Komunitas Orang Rimba berperan penting menyelamatkan biodiversitas di ekosistem Bukit Duabelas. Namun, agar mereka dapat menjalankan perannya secara maksimal, Orang Rimba memerlukan ruang hidup dan ruang kelola. (Bambang Irawan)
Penyelamatan keragaman tumbuhan pangan dan obat-obatan diupayakan Balai TNBD dengan membangun demplot penangkaran. Sejauh ini tumbuh 190-an rumpun tanaman pada 35 spesies. Tumbuhan yang di demplot dapat dimanfaatkan langsung oleh komunitas itu.
Baca Juga: Orang Rimba di Tengah kepungan Tambang Batubara

Petugas Balai Taman Nasional Bukit Duabelas mengecek kondisi demplot tumbuhan obat-obatan yang sering dimanfaatkan komunitas Orang Rimba, di TNBD, Kabupaten Sarolangun, Jambi, Minggu (3/7/2022). Pelestarian hutan perlu diperkuat sebagai ruang bagi komunitas pedalaman itu.
Kepala Balai TNBD, Haidir, mengatakan, pihaknya telah menguji farmakologi pada 58 spesies tumbuhan setempat. Hasilnya memiliki beragam jenis manfaat. Namun, umumnya dominan mengandung lima senyawa kimia, yakni alkaloid, saponin, flavonoid, tanin, dan polifenol, yang bermanfaat baik bagi kesehatan. Bisa pula dikembangkan sebagai produk farmasi, kosmetik, maupun industri pangan.
Riset kandungan farmakologi menjadi jalan pembuka bagi lahirnya riset lanjutan dan pengembangan. Untuk mengetahui bioprospeksi tumbuhan itu, pihaknya berkolaborasi dengan akademisi dan badan pengawas obat dan makanan.
Namun, diakuinya, tak mudah lagi mengumpulkan biodiversitas di Bukit Duabelas. Sebab, beberapa jenis tanaman sudah makin sulit ditemukan.
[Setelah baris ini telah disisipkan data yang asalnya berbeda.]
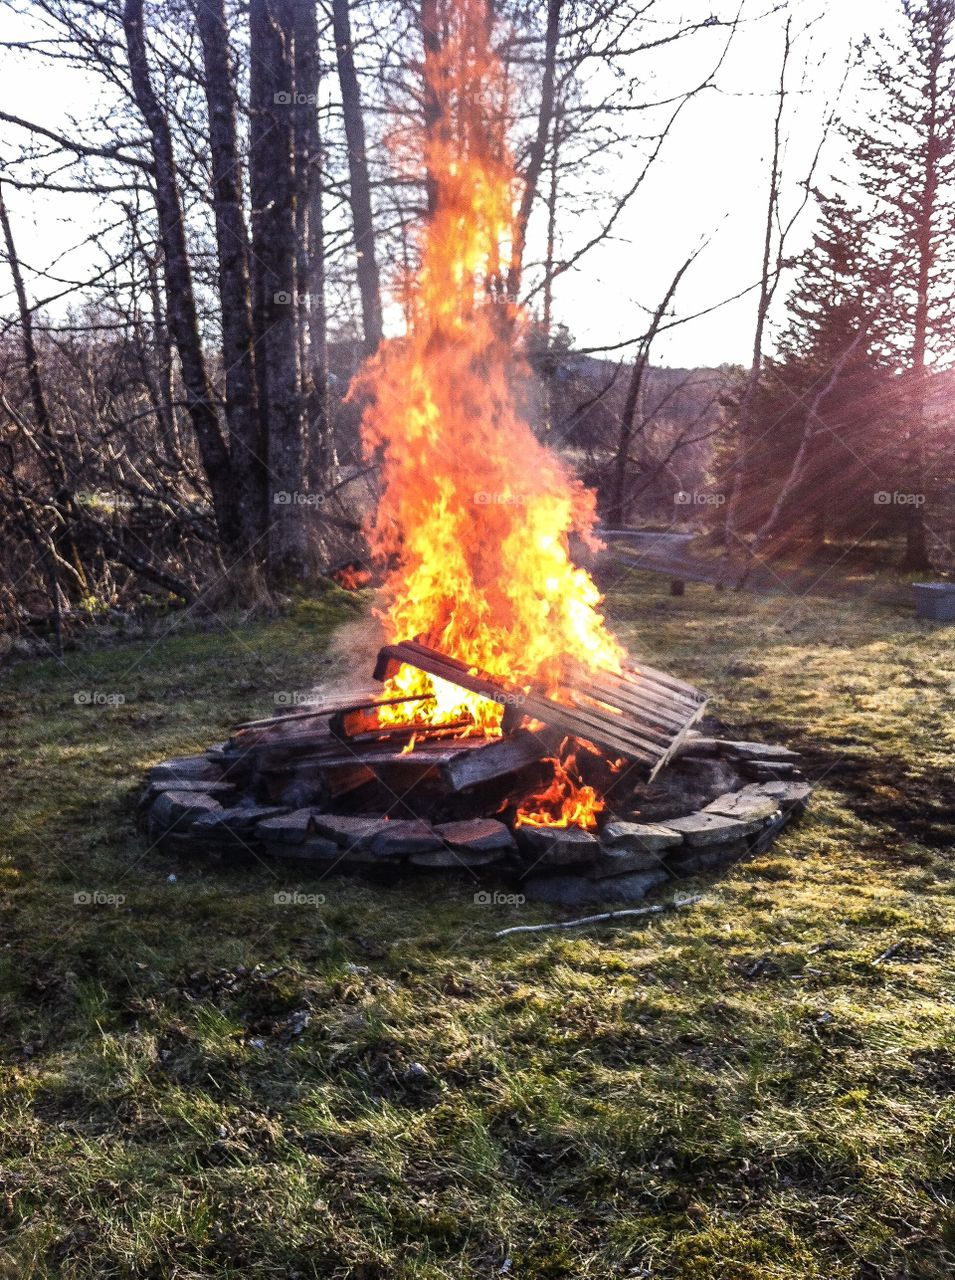 A little bonfire fun. A little bonfire fun

Dekan Fakultas Kehutanan Universitas Jambi Bambang Irawan mengatakan komunitas Orang Rimba berperan penting menyelamatkan biodiversitas di ekosistem Bukit Duabelas. Namun, agar mereka dapat menjalankan perannya secara maksimal, Orang Rimba memerlukan ruang hidup dan ruang kelola.
Catatan Kompas, ekosistem Bukit Duabelas menyusut dari 130.000 hektar menjadi 58.000 hektar dalam rentang tiga dekade. Penyusutan itu akibat alih fungsi hutan menjadi monokultur dan pembangunan lainnya.
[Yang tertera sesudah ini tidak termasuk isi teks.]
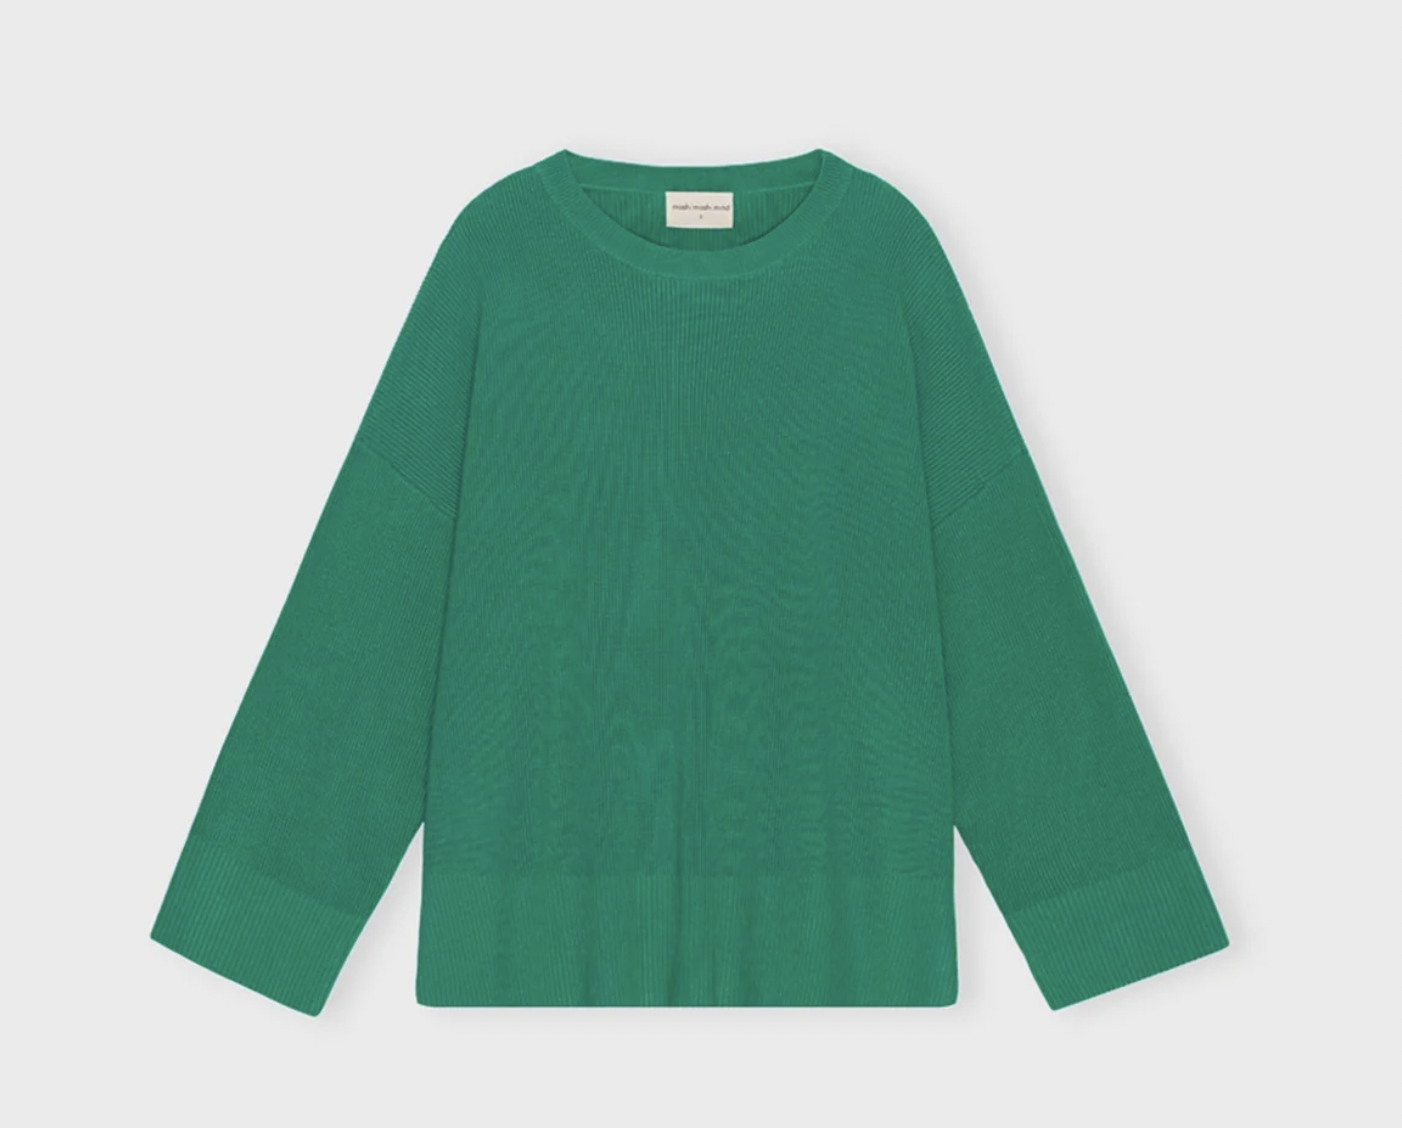 grön ribbstickad sweater i lensing ecovero viscose från Moshi Moshi Mind

Menurut Bambang, pemerintah berkewajiban mengakomodasikannya lewat kebijakan. Memberi ruang bagi kelompok yang kini hidup tergusur di luar kawasan TN Bukit Duabelas.
Antropolog dari Komunitas Konservasi Indonesia (Warsi) Robert Aritonang menambahkan besarnya ikatan Orang Rimba pada alam merupakan modal besar penyelamatan biodiversitas. Hilangnya rimba telah membawa tantangan berat pada komunitas itu.
”Tanpa rimba, mereka kehilangan makna hidup,” katanya.

Seorang kakak menjaga adiknya di salah satu pondok dalam Taman Nasional Bukit Duabelas, Sarolangun, Jambi, Sabtu (2/7/2022). Pelestarian hutan mendesak diperkuat sebagai ruang hidup bagi komunitas pedalaman itu.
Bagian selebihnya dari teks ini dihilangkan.